It’s not easy being the frontman of a Celtic punk band. Shane MacGowan of the Pogues was once so drunk he knocked himself out falling down in the middle of the street—and his teeth actually looked better afterward. Al Barr of the Dropkick Murphys is going to have to sing “I’m Shipping Up to Boston” at every show for the rest of his life.
And then there’s Paul McKenzie of the Scot-inspired Real McKenzies. He knows when people are looking at him on stage, they’re only thinking one thing: What’s under the kilt? All too often, they’re not shy about finding out for themselves.
“I’ve had many hands up the kilt while doing shows,” he admits. “If I were to do that to someone, I’d be in jail. But we prefer not to press charges.”
Those who choose to slide up his cultural pride will quickly discover the answer to the age-old question is what they suspected all along: nothing. As he likes to tell them, “That’s not a microphone, you know, but speak into it if you like.”

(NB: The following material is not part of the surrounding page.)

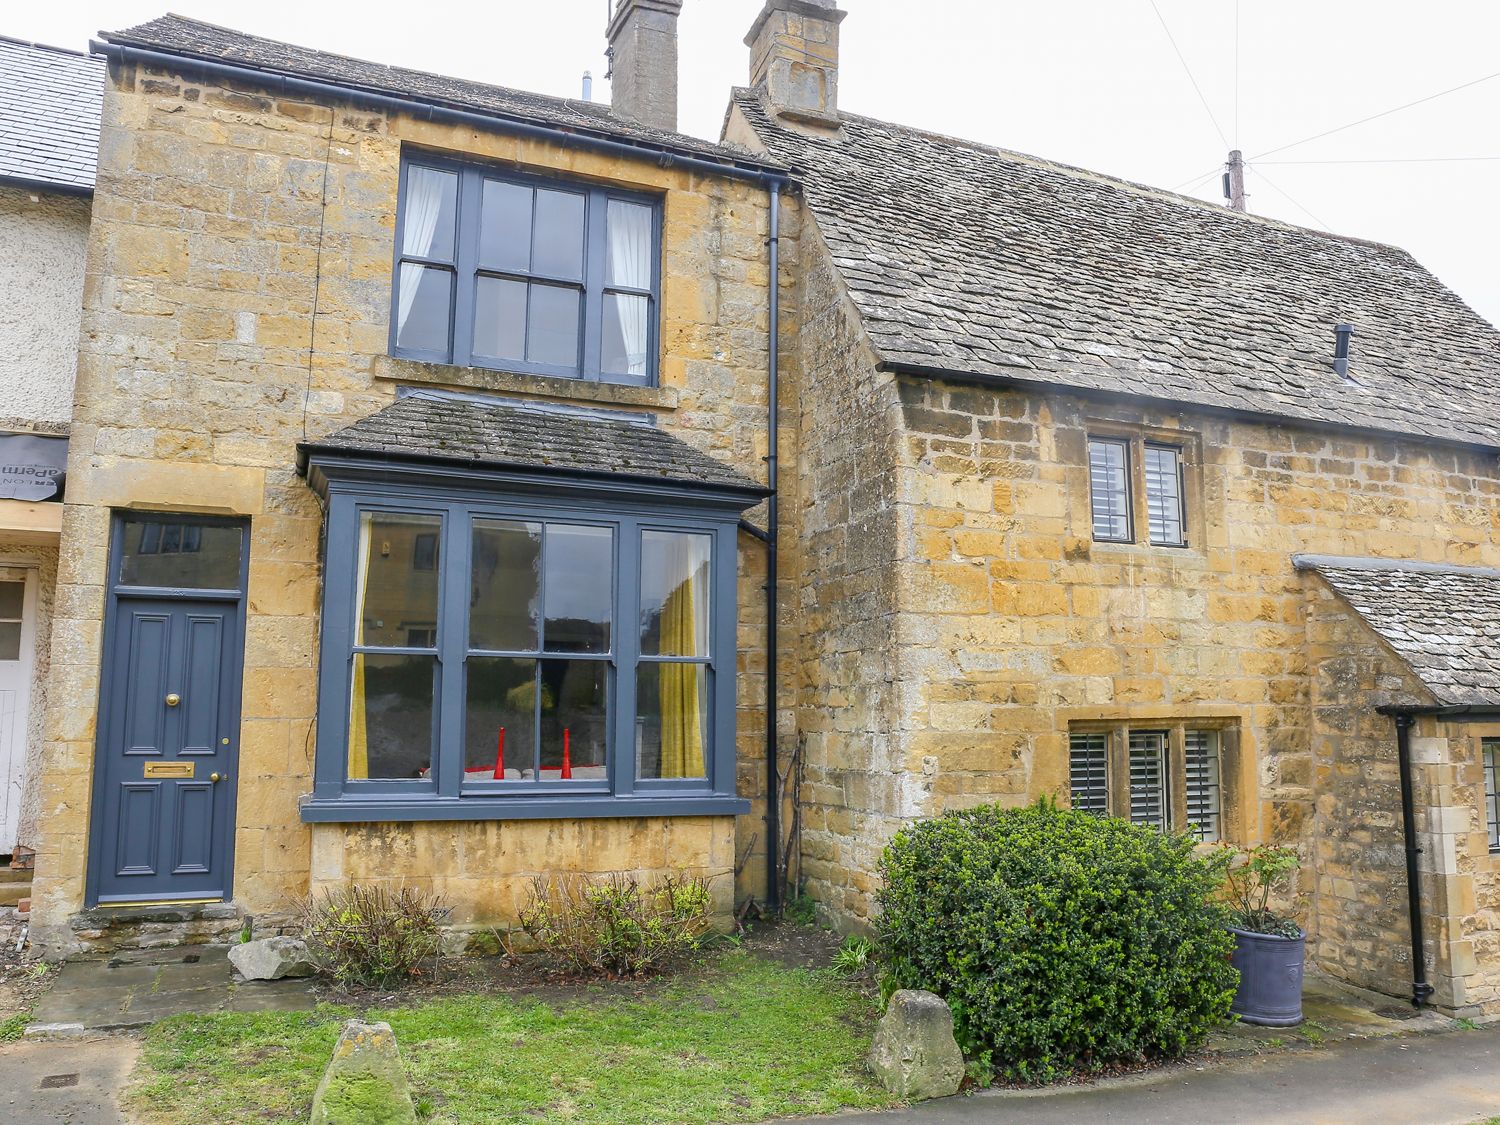 The Cottage at Broadway - Cotswolds - 1000430 - photo 1

The Real McKenzies have one of the strangest stories in punk rock. A Canadian band blending traditional Scottish music and hardcore, they put out their first record in 1995, and found a bigger audience for 1998’s Clash of the Tartans, thanks to its single “Mainland.” They were then signed to Honest Don’s, the subsidiary that popular punk label Fat Wreck Chords reserved for bands that didn’t fit into their trademark sound. When Honest Don’s folded, they were one of the only bands moved to Fat, for 2005’s 10,000 Shots. Their new record, Westwinds, is their eighth.
It’s unbelievable how far the band has come in two decades. Keep in mind, McKenzie’s original idea was to dress a cute punk girl in a kilt and have her sing Suzi Quatro covers for a band called Tart ‘n’ Haggis. But he couldn’t find the right girl, and everyone wanted to spell it “Tartan Haggis,” ruining the criminal joy that can only come with a truly bad pun.
Then one day, while listening to early-20th-century Scottish entertainer Harry Lauder, it all came together.
“I was playing Sir Harry Lauder, and a roommate was playing Sex Pistols, and another roommate was playing Public Enemy,” he remembers. “For a brief moment, it all melded, and I had an epiphany. And here we are today.”
Not that he had any idea he would be. “When we first started the band, we didn’t really take it seriously. We did one record at IFA in Seattle, just to document it, because we knew that no one would believe we had actually existed. That record took off, and that was the beginning of it. And it just never stopped,” he says.